= Events Industry Council =

US-based non-profit organization

The Events Industry Council (formerly known as the Convention Industry Council (CIC)) is a non-profit federation of more than 30 U.S. and international organizations involved in the meetings, conventions and exhibitions industry. The Events Industry Council's member organizations represent more than 103,500 individuals and 19,300 firms or properties across all sectors of the industry.

== History ==

The Convention Liaison Council was founded in New York City in 1949 by four organizations – American Society of Association Executives (ASAE); American Hotel and Motel Association (AH&MA); Hospitality Sales & Marketing Association International (HSMAI); and International Association of Convention and Visitor Bureaus (IACVB). In 2000, the organization changed its name to the Convention Industry Council. In the years since its inception, CIC has grown to include more than 30 member organizations.
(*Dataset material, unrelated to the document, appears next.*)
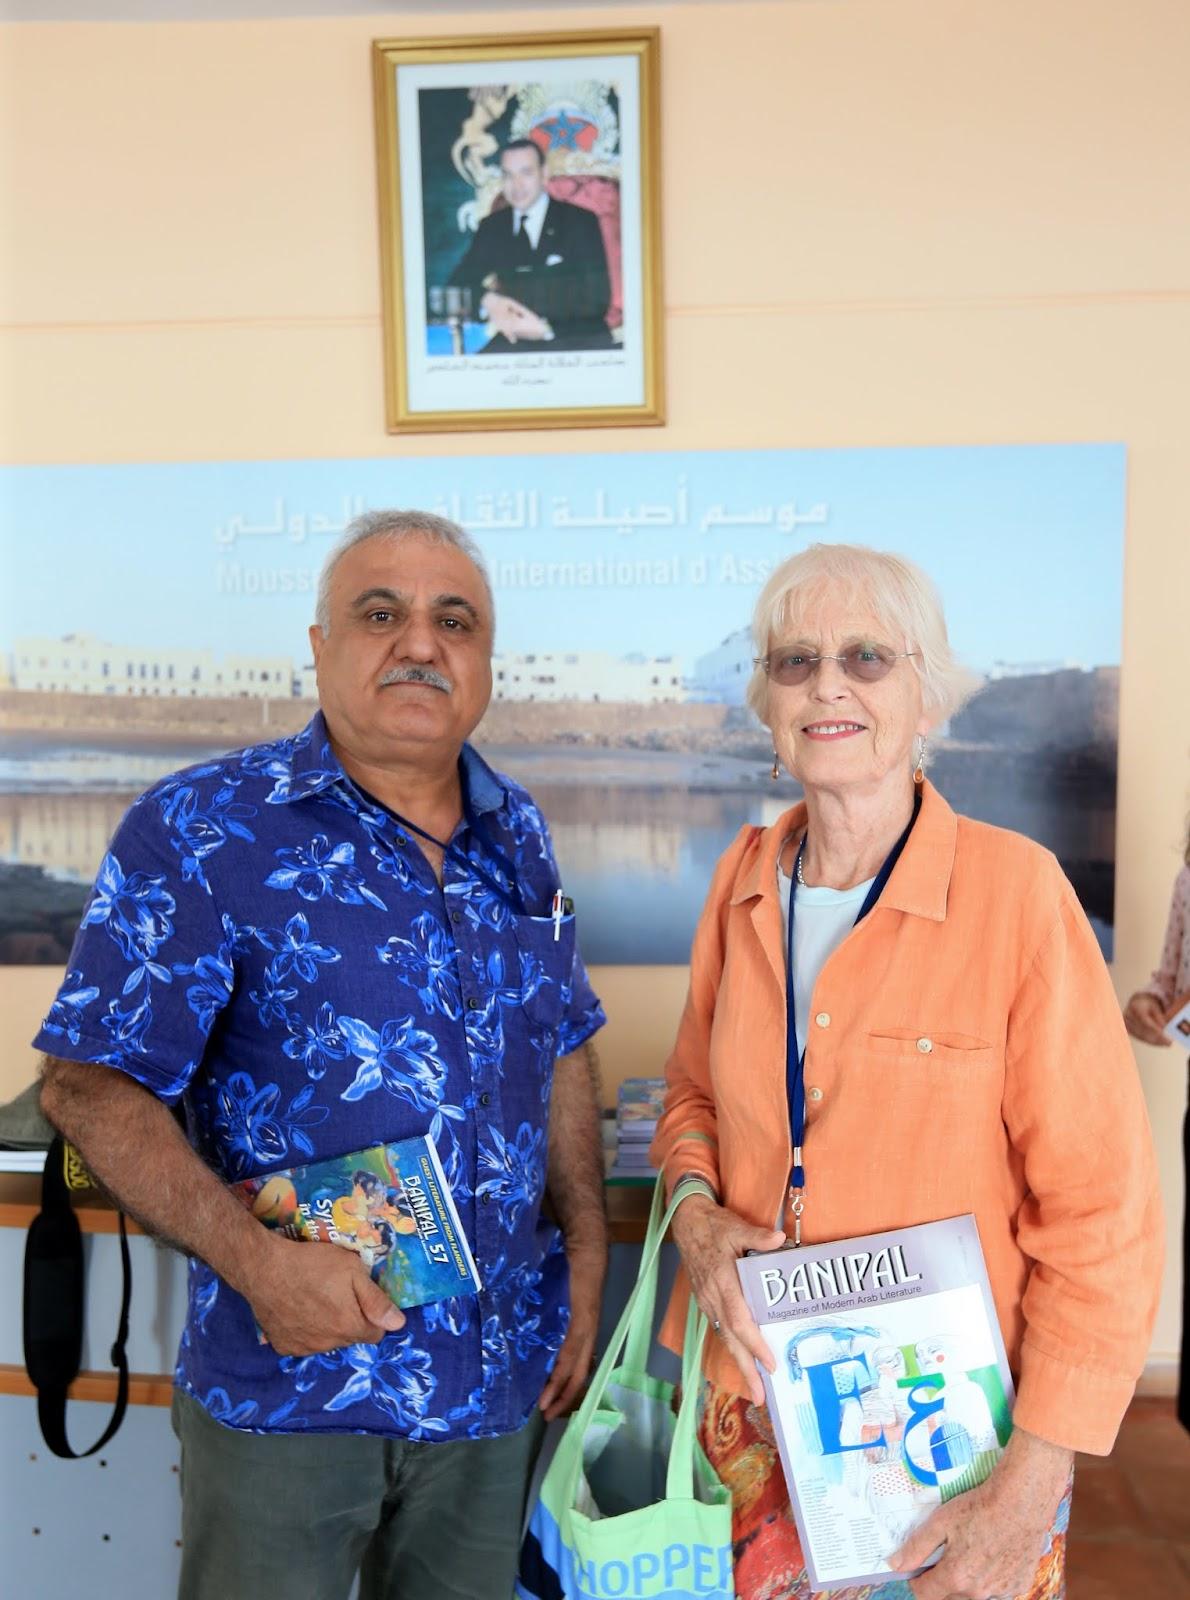 2017-7-20 الأحتفاء بالذكرى العشرين لصدور مجلة الأدب العربي (بانيبال)

The Events Industry Council is currently headquartered in Alexandria, VA. In 2017, the organization underwent a further name change to the Events Industry Council.

== Member organizations ==

- AMC Institute – Formerly IAAMC
- American Hotel & Lodging Association (AH&LA)
- American Society of Association Executives & The Center for Association Leadership (ASAE & The center)
- Association of Collegiate Conference and Events Directors-International (ACCED-I)
- Association of Destination Management Executives International (ADME International)
- Convention Sales Professionals International (CSPI)
- Corporate Event Marketing Association (CEMA)
- Destinations International
- Event Service Professionals Association (ESPA)
- Exhibition Services & Contractors Association (ESCA)
- Federacion De Entidades Organizadoras De Congresos Y Afines De America Latina (COCAL)
- Healthcare Convention and Exhibitors Association (HCEA)
- Hospitality Sales and Marketing Association International (HSMAI)
- International Association of Venue Managers (IAVM)
- International Association of Conference Centers (IACC)
- Incentive Research Foundation
- International Association of Exhibitions & Events (IAEE)
- International Association of Professional Congress Organisers (IAPCO)
- International Association of Speakers Bureaus (IASB)
- International Association of Venue Managers (IAVM)
- International Congress and Convention Association (ICCA)
- International Live Events Association (ILEA)
- Meeting Professionals International (MPI)
- National Association for Catering and Events (NACE)
- National Coalition of Black Meeting Planners (NCBMP)
- National Speakers Association (NSA)
- Professional Convention Management Association (PCMA)
- Religious Conference Management Association (RCMA)
- Society of Government Meeting Professionals (SGMP)
- Society for Incentive Travel Excellence (SITE)
- Society of Independent Show Organizers (SISO)
- Southern African Association of the Conference Industry (SAACI)
- US Travel Association (U.S. Travel)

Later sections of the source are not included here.